Replace DATASET_NAME with the name of the Axiom dataset where you want to send data.

Send virtual machine logs to Axiom using the HTTP output plugin

The example below shows a Fluentd configuration that sends data from your virtual machine to Axiom using the apache source type.

<source>
  @type tail
  @id input_tail
  <parse>
    @type apache2
  </parse>
  path /var/log/**/*.log
  pos_file /var/log/fluentd/fluentd.log.pos
  tag vm.logs
  read_from_head true
</source>

<filter vm.logs>
  @type record_transformer
  <record>
    hostname "#{Socket.gethostname}"
    service "vm_service"
  </record>
</filter>

<match vm.logs>
  @type http
  @id out_http_axiom
  @log_level info
  endpoint "#{ENV['AXIOM_URL'] || 'https://api.axiom.co'}"
  path "/v1/datasets/DATASET_NAME/ingest"
  ssl_verify "#{ENV['AXIOM_SSL_VERIFY'] || 'true'}"
  <headers>
    Authorization "Bearer API_TOKEN"
    Content-Type "application/json"
  </headers>
  <format>
    @type json
  </format>
  <buffer>
    @type memory
    flush_mode interval
    flush_interval 5s
    chunk_limit_size 5MB
    retry_forever true
  </buffer>
</match>
  • Replace API_TOKEN with the Axiom API token you have generated.

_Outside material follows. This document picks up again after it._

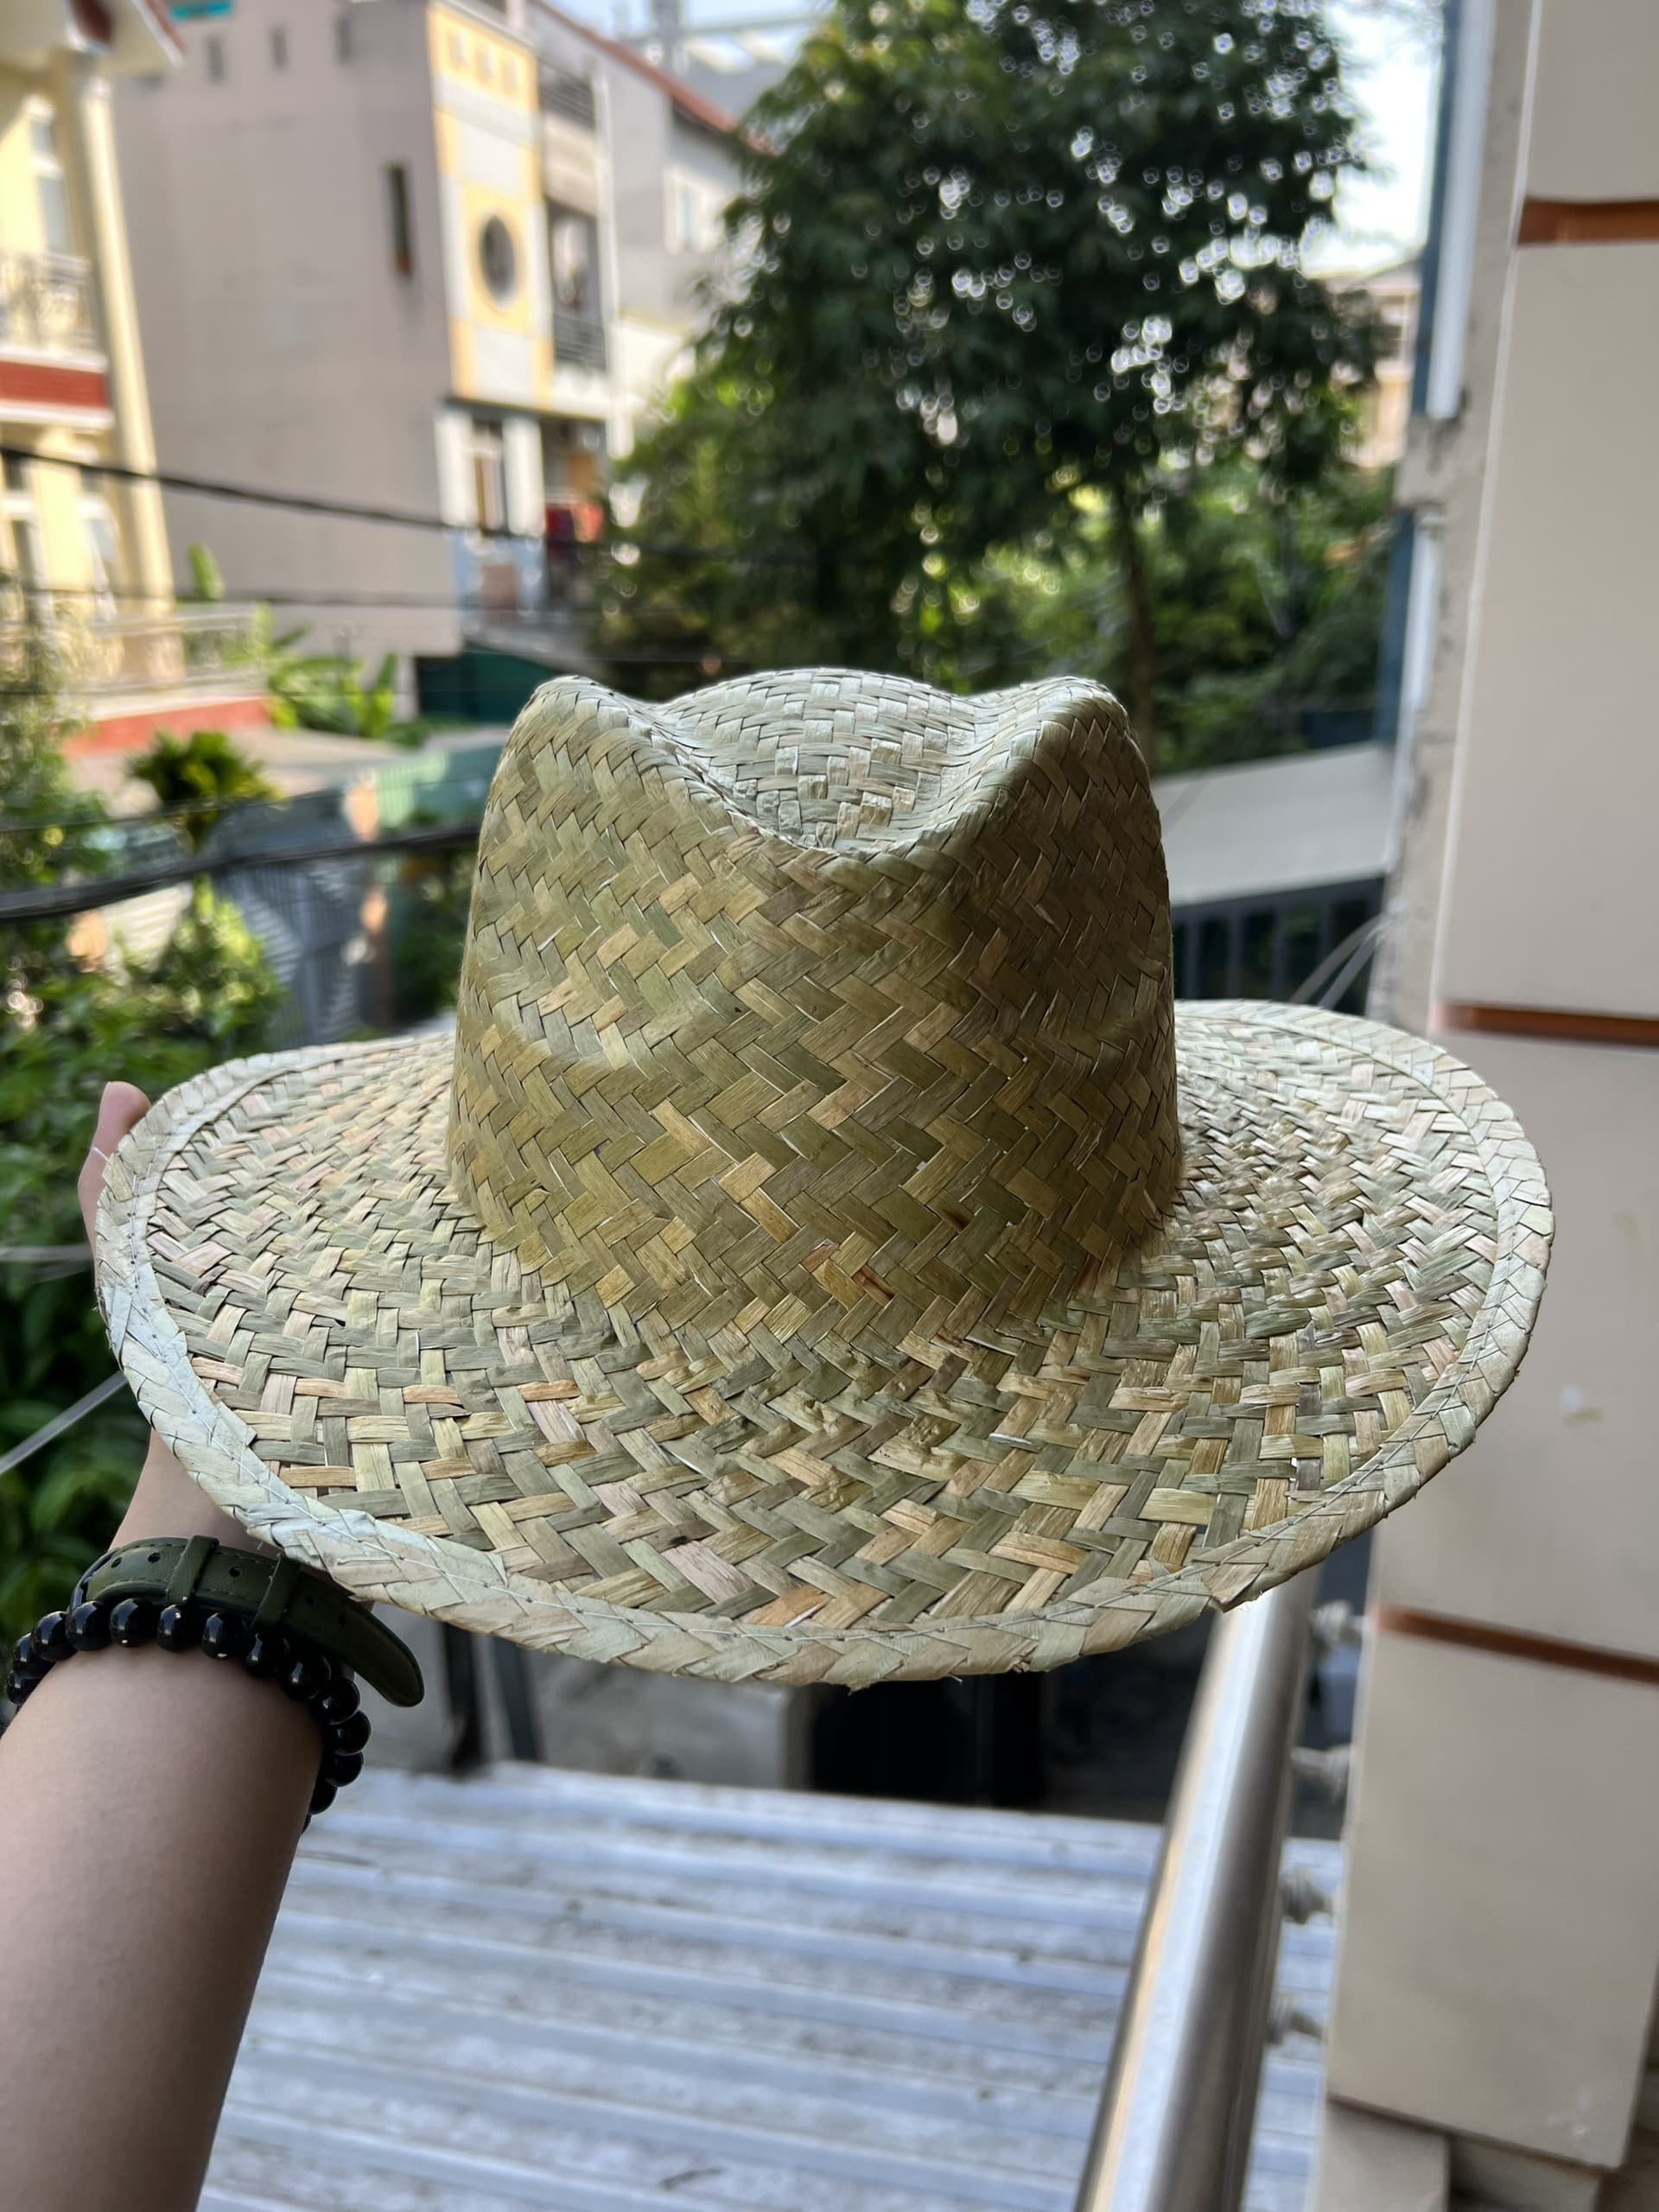 Sombrero_ Fedora_ Cow boy_ etc straw hat made from seagrass_palm leaf with customized ribbon color a

For added security, store the API token in an environment variable.
  • Replace DATASET_NAME with the name of the Axiom dataset where you want to send data.

The example below shows a Fluentd configuration that sends data from your virtual machine to Axiom using the nginx source type.

<source>
  @type tail
  @id input_tail
  <parse>
    @type nginx
  </parse>
  path /var/log/nginx/access.log, /var/log/nginx/error.log
  pos_file /var/log/fluentd/nginx.log.pos
  tag nginx.logs
  read_from_head true
</source>

<filter nginx.logs>
  @type record_transformer
  <record>
    hostname "#{Socket.gethostname}"
    service "nginx"
  </record>
</filter>

<match nginx.logs>
  @type http
  @id out_http_axiom
  @log_level info
  endpoint "#{ENV['AXIOM_URL'] || 'https://api.axiom.co'}"
  path "/v1/datasets/DATASET_NAME/ingest"
  ssl_verify "#{ENV['AXIOM_SSL_VERIFY'] || 'true'}"
  <headers>
    Authorization "Bearer API_TOKEN"
    Content-Type "application/json"
  </headers>
  <format>
    @type json
  </format>
  <buffer>
    @type memory
    flush_mode interval
    flush_interval 5s
    chunk_limit_size 5MB
    retry_forever true
  </buffer>
</match>
  • Replace API_TOKEN with the Axiom API token you have generated. For added security, store the API token in an environment variable.
  • Replace DATASET_NAME with the name of the Axiom dataset where you want to send data.